Keep two meals consistent
Fixing two meals around protein and fibre every day reduces daily decision-making. “It keeps eating balanced without feeling restrictive,” she adds. The third meal can remain flexible.
Don’t eliminate snacks or desserts
“Total restriction doesn’t last,” Saluja says. Planning small portions of snacks or desserts helps with portion control and makes eating feel realistic rather than punitive.
This philosophy also shapes how food is designed at The Cinnamon Kitchen. “Instead of creating products for ideal routines, I focus on how food fits into real moments,” Saluja explains. The Almond Flour Cacao Cookie, for instance, works as a practical pre-workout option on rushed mornings. Methi Millet Crackers quietly replace habitual tea-time snacks without demanding a lifestyle overhaul.

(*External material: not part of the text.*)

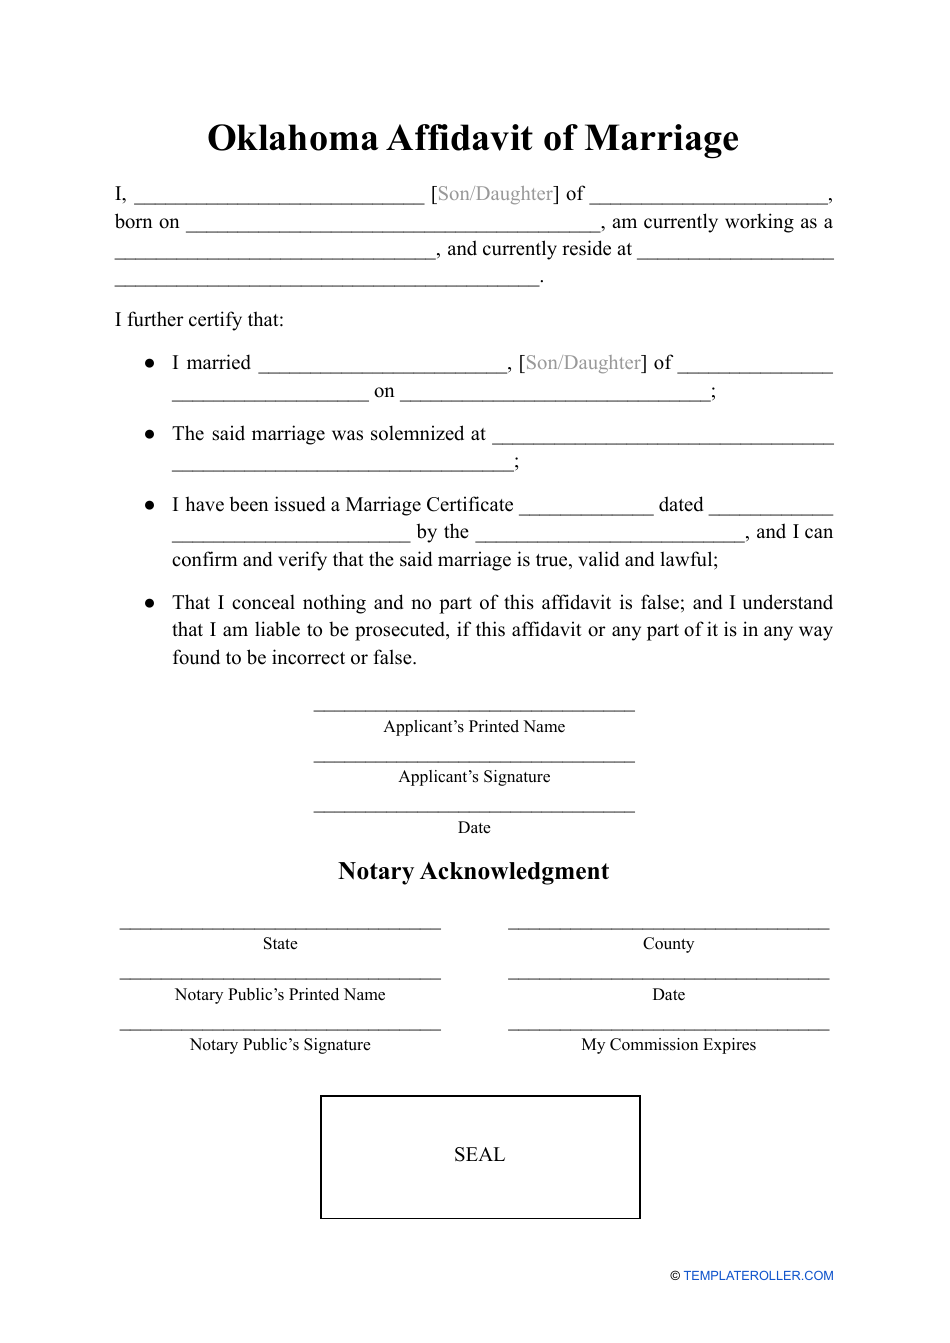 Oklahoma Affidavit Of Marriage Fill Out Sign Online And Download Pdf Templateroller 2762

“People are tired of rigid food rules,” Saluja notes. Good days. Bad days. Cheat meals. Constant restarts. There is a clear shift toward a calmer relationship with food, one where eating doesn’t feel like a test you have to pass.
Perfect diets may look good on paper. Everyday food habits work in real life.
“And that’s why they matter more,” Saluja concludes. “Not because they’re perfect but because they actually last.”